Bir başkasını ısıtmak için, kendini yakmanın âlemi yok…
Teknoloji geliştikçe insanlığa ait duygularda azaldı.
Sürekli eleştiren, hata bulan ve kendini kusursuz zanneden insanlar olduk, dolup taştık.
Kalp mühürleniyor işte…
Kalp mühürlenince insan kendisi için inşa eder olay örgüsünü, kendini haklı görür.
İnsan, insanı sınar.
Bazı insanlar, her ne kadar bilincinde olmasalar da sürekli tatminsizlik ve memnuniyetsizlik içinde yaşamayı seçmişlerdir.
Ve giderek nefret ve saldırganlık olmadan var olduklarını hissedemez hale gelirler.
Ve her sabah uyandıklarında sanki gevşeme egzersizleri yapar gibi, birine saldırma eylemi gerçekleştirme planı yaparlar.
Düşünsenize, başkalarına kızmak için bir neden kalmasaydı kendilerini işe yaramaz hissederlerdi.
Bırakalım şimdi.
Saldırganlıklarını mutsuzlukla ifade edip, bizlere kendini acı yoluyla duyurmaya devam eden insanları.
Mevlana der ki;
Dibi yosun tutan denizlerle ilgilenme.
Sen dağları seyret…
Yenik düşüyorsan özlemlerine, aldırma.
Kalbindeki o uçsuz bucaksız sevgiyi hisset…
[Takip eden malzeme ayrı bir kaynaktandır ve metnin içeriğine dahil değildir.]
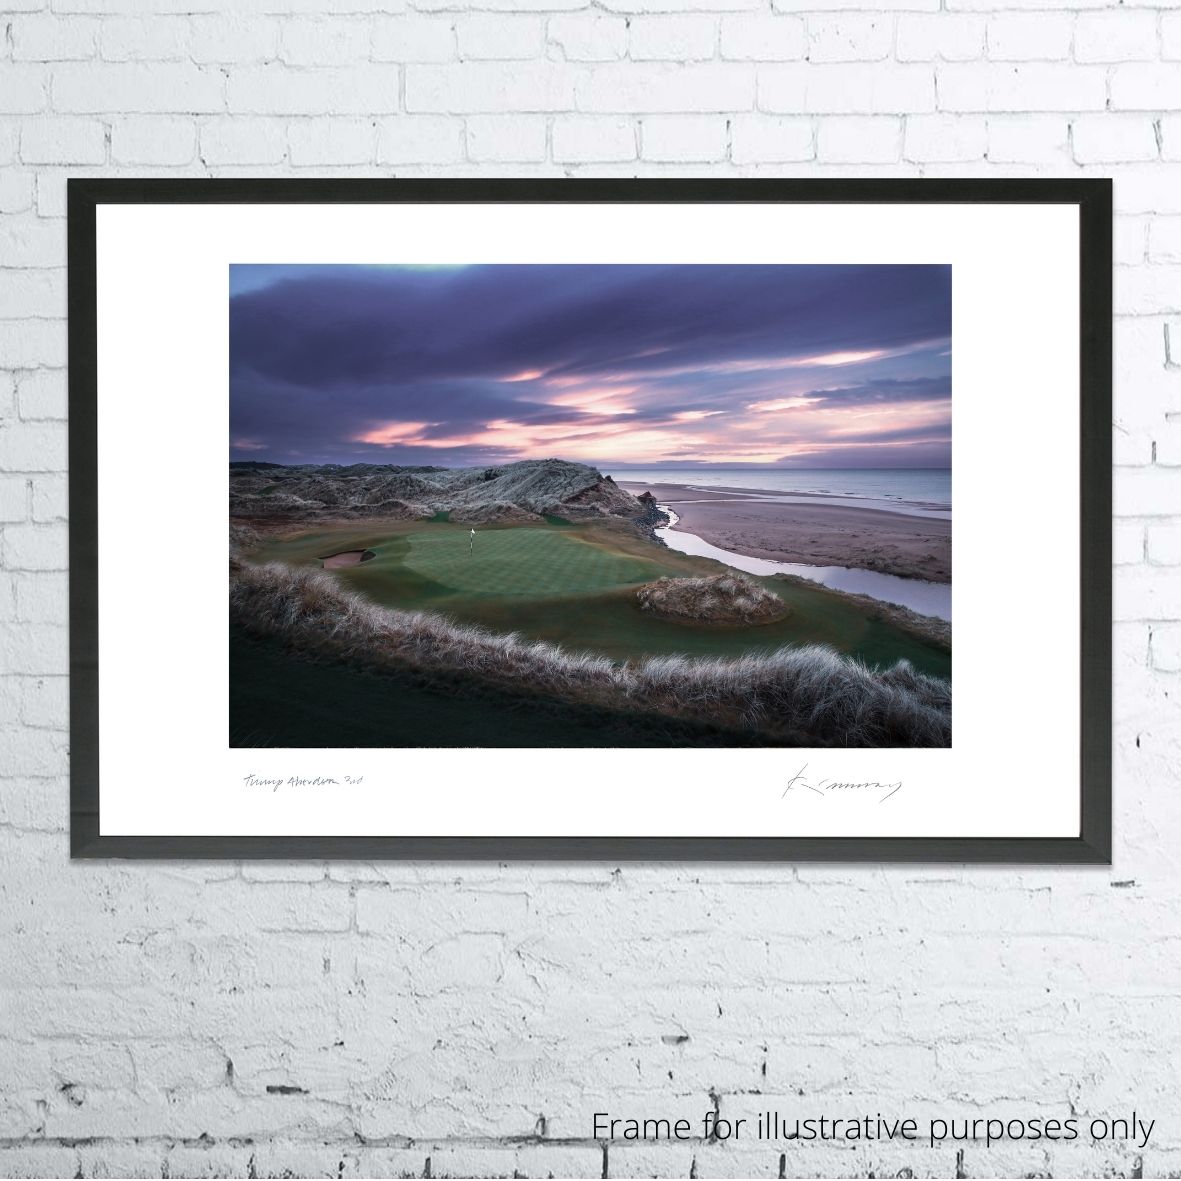 A framed photo of the 3rd at Trump Aberdeen by Kevin Murray.
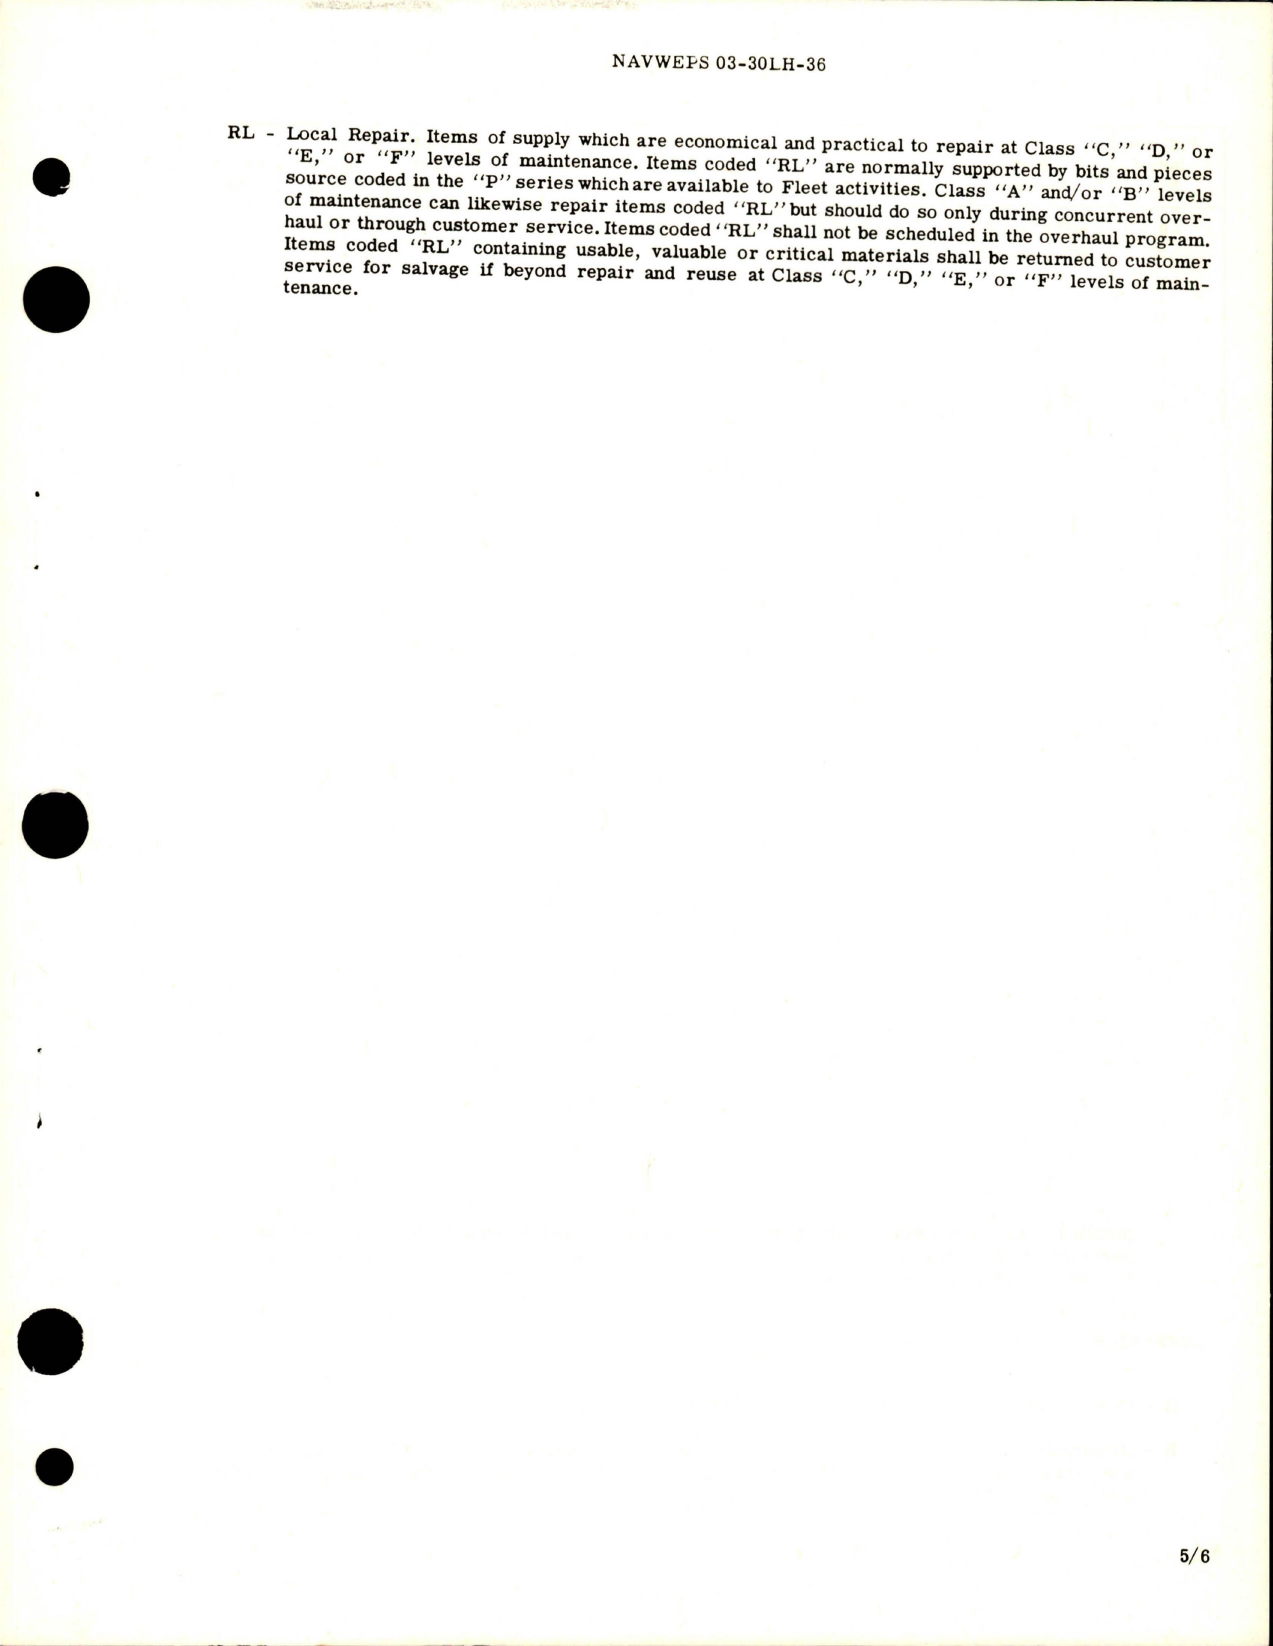 Sample page 5 from AirCorps Library document: Overhaul Instructions with Parts Breakdown for Ramp Uplock Cylinder Assembly - Part 695037

Işıklar sönmüşse ve karanlıksa, ona da aldırma.
Ay ışığını seyret…
Sabret…
Sabret ki, her şey hissettiğin kadar derin ve sonsuz olsun…
Sabret ki, her şey gönlünce olsun.
Hani derler ya, ‘‘herkes yaşattığını yaşar’’ diye.
Kırıldıysan merak etme, kim seni nereden kırdıysa, bir başkası tarafından kırılacaktır, elbette.
Bir Ayette şöyle, diyor. (Ey insanlar!) Sizi birbirinizle imtihan yaptık. Bakalım sabredecek misiniz? Rabbim ise hakkıyla görendir.
Evet…
İnsanlar hep yargılar, eleştirir. Sen kendinden emin olduğun sürece yolundan vazgeçme!
Evren sonsuzdur.
Gökyüzü sonsuz yıldızlarıyla aydınlatırken gecemizi, sen gülümsemekten vazgeçme.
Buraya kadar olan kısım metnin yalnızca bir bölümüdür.